══ Exercise materials ══
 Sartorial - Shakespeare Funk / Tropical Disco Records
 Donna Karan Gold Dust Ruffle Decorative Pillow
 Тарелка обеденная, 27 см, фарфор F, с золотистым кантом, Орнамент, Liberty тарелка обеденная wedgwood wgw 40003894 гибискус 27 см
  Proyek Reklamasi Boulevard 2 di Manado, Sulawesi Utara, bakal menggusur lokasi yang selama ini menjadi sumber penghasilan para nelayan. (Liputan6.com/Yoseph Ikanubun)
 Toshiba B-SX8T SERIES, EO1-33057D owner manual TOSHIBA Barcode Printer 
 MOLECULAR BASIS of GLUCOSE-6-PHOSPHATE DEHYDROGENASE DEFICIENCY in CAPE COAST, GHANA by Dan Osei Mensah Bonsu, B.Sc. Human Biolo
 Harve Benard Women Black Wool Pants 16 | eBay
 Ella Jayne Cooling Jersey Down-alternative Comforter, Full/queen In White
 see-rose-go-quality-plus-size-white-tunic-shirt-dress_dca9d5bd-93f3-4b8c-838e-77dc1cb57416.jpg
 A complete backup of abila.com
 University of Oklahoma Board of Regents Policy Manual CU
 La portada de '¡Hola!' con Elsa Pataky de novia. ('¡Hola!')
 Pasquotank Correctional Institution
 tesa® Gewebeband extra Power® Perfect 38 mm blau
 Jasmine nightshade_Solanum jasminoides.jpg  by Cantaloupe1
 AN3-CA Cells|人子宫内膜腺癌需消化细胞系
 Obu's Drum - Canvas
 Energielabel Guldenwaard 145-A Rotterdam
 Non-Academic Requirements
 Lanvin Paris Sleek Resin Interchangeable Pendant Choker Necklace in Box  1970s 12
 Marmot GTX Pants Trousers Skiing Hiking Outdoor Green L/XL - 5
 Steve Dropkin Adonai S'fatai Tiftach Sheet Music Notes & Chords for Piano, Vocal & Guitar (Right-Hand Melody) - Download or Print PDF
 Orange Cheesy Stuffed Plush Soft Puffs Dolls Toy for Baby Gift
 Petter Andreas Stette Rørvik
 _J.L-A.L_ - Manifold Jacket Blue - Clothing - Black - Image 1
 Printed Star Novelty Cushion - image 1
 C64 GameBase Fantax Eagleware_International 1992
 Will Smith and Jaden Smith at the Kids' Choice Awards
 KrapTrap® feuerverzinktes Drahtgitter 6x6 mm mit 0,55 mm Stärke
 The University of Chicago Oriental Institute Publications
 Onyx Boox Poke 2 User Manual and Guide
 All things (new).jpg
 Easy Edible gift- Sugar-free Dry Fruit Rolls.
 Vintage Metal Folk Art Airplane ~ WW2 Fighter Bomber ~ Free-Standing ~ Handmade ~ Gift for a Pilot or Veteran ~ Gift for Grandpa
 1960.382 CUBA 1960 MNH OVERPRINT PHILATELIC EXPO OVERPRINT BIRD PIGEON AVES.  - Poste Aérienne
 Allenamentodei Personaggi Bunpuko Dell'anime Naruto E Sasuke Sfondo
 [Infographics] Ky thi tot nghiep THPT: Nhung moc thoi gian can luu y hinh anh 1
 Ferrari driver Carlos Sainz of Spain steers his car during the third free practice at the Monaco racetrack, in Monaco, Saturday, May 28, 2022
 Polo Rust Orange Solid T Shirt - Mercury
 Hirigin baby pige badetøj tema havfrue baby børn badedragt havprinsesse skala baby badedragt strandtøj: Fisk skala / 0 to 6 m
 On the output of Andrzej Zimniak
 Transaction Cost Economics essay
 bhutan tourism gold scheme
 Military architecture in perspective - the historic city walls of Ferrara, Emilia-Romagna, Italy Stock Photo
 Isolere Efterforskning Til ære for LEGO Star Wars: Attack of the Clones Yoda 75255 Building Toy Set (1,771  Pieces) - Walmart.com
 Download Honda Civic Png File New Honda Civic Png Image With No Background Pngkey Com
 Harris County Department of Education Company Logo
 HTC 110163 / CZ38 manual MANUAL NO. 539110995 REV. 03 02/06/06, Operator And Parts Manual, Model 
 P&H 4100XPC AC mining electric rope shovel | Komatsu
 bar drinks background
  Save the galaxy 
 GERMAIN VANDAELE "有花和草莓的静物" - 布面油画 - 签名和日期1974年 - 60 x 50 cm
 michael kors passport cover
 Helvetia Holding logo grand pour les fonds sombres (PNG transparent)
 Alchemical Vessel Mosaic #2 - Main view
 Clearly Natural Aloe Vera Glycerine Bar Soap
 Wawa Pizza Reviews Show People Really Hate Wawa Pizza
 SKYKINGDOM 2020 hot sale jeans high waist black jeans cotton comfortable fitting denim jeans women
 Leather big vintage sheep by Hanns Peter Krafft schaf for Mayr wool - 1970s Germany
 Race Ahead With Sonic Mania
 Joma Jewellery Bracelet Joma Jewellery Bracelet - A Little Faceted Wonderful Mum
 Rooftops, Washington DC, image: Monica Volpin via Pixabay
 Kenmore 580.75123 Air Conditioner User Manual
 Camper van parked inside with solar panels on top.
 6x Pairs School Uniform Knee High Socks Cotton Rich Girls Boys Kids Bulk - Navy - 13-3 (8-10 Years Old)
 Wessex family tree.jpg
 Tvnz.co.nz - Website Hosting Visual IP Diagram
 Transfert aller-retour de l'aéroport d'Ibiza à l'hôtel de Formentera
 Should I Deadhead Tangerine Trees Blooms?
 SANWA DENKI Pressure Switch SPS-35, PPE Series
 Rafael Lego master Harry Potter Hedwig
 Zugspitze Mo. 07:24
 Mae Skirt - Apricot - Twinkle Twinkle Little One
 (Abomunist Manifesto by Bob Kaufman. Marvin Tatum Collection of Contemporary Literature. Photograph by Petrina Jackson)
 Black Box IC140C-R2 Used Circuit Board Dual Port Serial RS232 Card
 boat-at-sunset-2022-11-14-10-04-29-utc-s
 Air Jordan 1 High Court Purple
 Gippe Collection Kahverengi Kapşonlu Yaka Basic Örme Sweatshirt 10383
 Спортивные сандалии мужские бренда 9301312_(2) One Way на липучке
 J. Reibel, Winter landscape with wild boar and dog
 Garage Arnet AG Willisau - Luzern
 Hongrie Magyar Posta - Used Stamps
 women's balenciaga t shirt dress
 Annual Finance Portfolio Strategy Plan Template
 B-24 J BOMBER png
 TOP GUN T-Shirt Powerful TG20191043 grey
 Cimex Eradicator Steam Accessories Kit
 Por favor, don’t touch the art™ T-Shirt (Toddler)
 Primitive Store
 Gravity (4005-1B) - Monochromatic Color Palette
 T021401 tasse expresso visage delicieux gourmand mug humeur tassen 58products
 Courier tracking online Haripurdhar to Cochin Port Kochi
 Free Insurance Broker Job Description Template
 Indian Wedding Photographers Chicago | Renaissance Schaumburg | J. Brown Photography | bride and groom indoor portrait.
═══
▶ [Work item]:
Line by line, write out the records above exactly.

▶ [Expected answer]:
 Sartorial - Shakespeare Funk / Tropical Disco Records
 Donna Karan Gold Dust Ruffle Decorative Pillow
 Тарелка обеденная, 27 см, фарфор F, с золотистым кантом, Орнамент, Liberty тарелка обеденная wedgwood wgw 40003894 гибискус 27 см
  Proyek Reklamasi Boulevard 2 di Manado, Sulawesi Utara, bakal menggusur lokasi yang selama ini menjadi sumber penghasilan para nelayan. (Liputan6.com/Yoseph Ikanubun)
 Toshiba B-SX8T SERIES, EO1-33057D owner manual TOSHIBA Barcode Printer 
 MOLECULAR BASIS of GLUCOSE-6-PHOSPHATE DEHYDROGENASE DEFICIENCY in CAPE COAST, GHANA by Dan Osei Mensah Bonsu, B.Sc. Human Biolo
 Harve Benard Women Black Wool Pants 16 | eBay
 Ella Jayne Cooling Jersey Down-alternative Comforter, Full/queen In White
 see-rose-go-quality-plus-size-white-tunic-shirt-dress_dca9d5bd-93f3-4b8c-838e-77dc1cb57416.jpg
 A complete backup of abila.com
 University of Oklahoma Board of Regents Policy Manual CU
 La portada de '¡Hola!' con Elsa Pataky de novia. ('¡Hola!')
 Pasquotank Correctional Institution
 tesa® Gewebeband extra Power® Perfect 38 mm blau
 Jasmine nightshade_Solanum jasminoides.jpg  by Cantaloupe1
 AN3-CA Cells|人子宫内膜腺癌需消化细胞系
 Obu's Drum - Canvas
 Energielabel Guldenwaard 145-A Rotterdam
 Non-Academic Requirements
 Lanvin Paris Sleek Resin Interchangeable Pendant Choker Necklace in Box  1970s 12
 Marmot GTX Pants Trousers Skiing Hiking Outdoor Green L/XL - 5
 Steve Dropkin Adonai S'fatai Tiftach Sheet Music Notes & Chords for Piano, Vocal & Guitar (Right-Hand Melody) - Download or Print PDF
 Orange Cheesy Stuffed Plush Soft Puffs Dolls Toy for Baby Gift
 Petter Andreas Stette Rørvik
 _J.L-A.L_ - Manifold Jacket Blue - Clothing - Black - Image 1
 Printed Star Novelty Cushion - image 1
 C64 GameBase Fantax Eagleware_International 1992
 Will Smith and Jaden Smith at the Kids' Choice Awards
 KrapTrap® feuerverzinktes Drahtgitter 6x6 mm mit 0,55 mm Stärke
 The University of Chicago Oriental Institute Publications
 Onyx Boox Poke 2 User Manual and Guide
 All things (new).jpg
 Easy Edible gift- Sugar-free Dry Fruit Rolls.
 Vintage Metal Folk Art Airplane ~ WW2 Fighter Bomber ~ Free-Standing ~ Handmade ~ Gift for a Pilot or Veteran ~ Gift for Grandpa
 1960.382 CUBA 1960 MNH OVERPRINT PHILATELIC EXPO OVERPRINT BIRD PIGEON AVES.  - Poste Aérienne
 Allenamentodei Personaggi Bunpuko Dell'anime Naruto E Sasuke Sfondo
 [Infographics] Ky thi tot nghiep THPT: Nhung moc thoi gian can luu y hinh anh 1
 Ferrari driver Carlos Sainz of Spain steers his car during the third free practice at the Monaco racetrack, in Monaco, Saturday, May 28, 2022
 Polo Rust Orange Solid T Shirt - Mercury
 Hirigin baby pige badetøj tema havfrue baby børn badedragt havprinsesse skala baby badedragt strandtøj: Fisk skala / 0 to 6 m
 On the output of Andrzej Zimniak
 Transaction Cost Economics essay
 bhutan tourism gold scheme
 Military architecture in perspective - the historic city walls of Ferrara, Emilia-Romagna, Italy Stock Photo
 Isolere Efterforskning Til ære for LEGO Star Wars: Attack of the Clones Yoda 75255 Building Toy Set (1,771  Pieces) - Walmart.com
 Download Honda Civic Png File New Honda Civic Png Image With No Background Pngkey Com
 Harris County Department of Education Company Logo
 HTC 110163 / CZ38 manual MANUAL NO. 539110995 REV. 03 02/06/06, Operator And Parts Manual, Model 
 P&H 4100XPC AC mining electric rope shovel | Komatsu
 bar drinks background
  Save the galaxy 
 GERMAIN VANDAELE "有花和草莓的静物" - 布面油画 - 签名和日期1974年 - 60 x 50 cm
 michael kors passport cover
 Helvetia Holding logo grand pour les fonds sombres (PNG transparent)
 Alchemical Vessel Mosaic #2 - Main view
 Clearly Natural Aloe Vera Glycerine Bar Soap
 Wawa Pizza Reviews Show People Really Hate Wawa Pizza
 SKYKINGDOM 2020 hot sale jeans high waist black jeans cotton comfortable fitting denim jeans women
 Leather big vintage sheep by Hanns Peter Krafft schaf for Mayr wool - 1970s Germany
 Race Ahead With Sonic Mania
 Joma Jewellery Bracelet Joma Jewellery Bracelet - A Little Faceted Wonderful Mum
 Rooftops, Washington DC, image: Monica Volpin via Pixabay
 Kenmore 580.75123 Air Conditioner User Manual
 Camper van parked inside with solar panels on top.
 6x Pairs School Uniform Knee High Socks Cotton Rich Girls Boys Kids Bulk - Navy - 13-3 (8-10 Years Old)
 Wessex family tree.jpg
 Tvnz.co.nz - Website Hosting Visual IP Diagram
 Transfert aller-retour de l'aéroport d'Ibiza à l'hôtel de Formentera
 Should I Deadhead Tangerine Trees Blooms?
 SANWA DENKI Pressure Switch SPS-35, PPE Series
 Rafael Lego master Harry Potter Hedwig
 Zugspitze Mo. 07:24
 Mae Skirt - Apricot - Twinkle Twinkle Little One
 (Abomunist Manifesto by Bob Kaufman. Marvin Tatum Collection of Contemporary Literature. Photograph by Petrina Jackson)
 Black Box IC140C-R2 Used Circuit Board Dual Port Serial RS232 Card
 boat-at-sunset-2022-11-14-10-04-29-utc-s
 Air Jordan 1 High Court Purple
 Gippe Collection Kahverengi Kapşonlu Yaka Basic Örme Sweatshirt 10383
 Спортивные сандалии мужские бренда 9301312_(2) One Way на липучке
 J. Reibel, Winter landscape with wild boar and dog
 Garage Arnet AG Willisau - Luzern
 Hongrie Magyar Posta - Used Stamps
 women's balenciaga t shirt dress
 Annual Finance Portfolio Strategy Plan Template
 B-24 J BOMBER png
 TOP GUN T-Shirt Powerful TG20191043 grey
 Cimex Eradicator Steam Accessories Kit
 Por favor, don’t touch the art™ T-Shirt (Toddler)
 Primitive Store
 Gravity (4005-1B) - Monochromatic Color Palette
 T021401 tasse expresso visage delicieux gourmand mug humeur tassen 58products
 Courier tracking online Haripurdhar to Cochin Port Kochi
 Free Insurance Broker Job Description Template
 Indian Wedding Photographers Chicago | Renaissance Schaumburg | J. Brown Photography | bride and groom indoor portrait.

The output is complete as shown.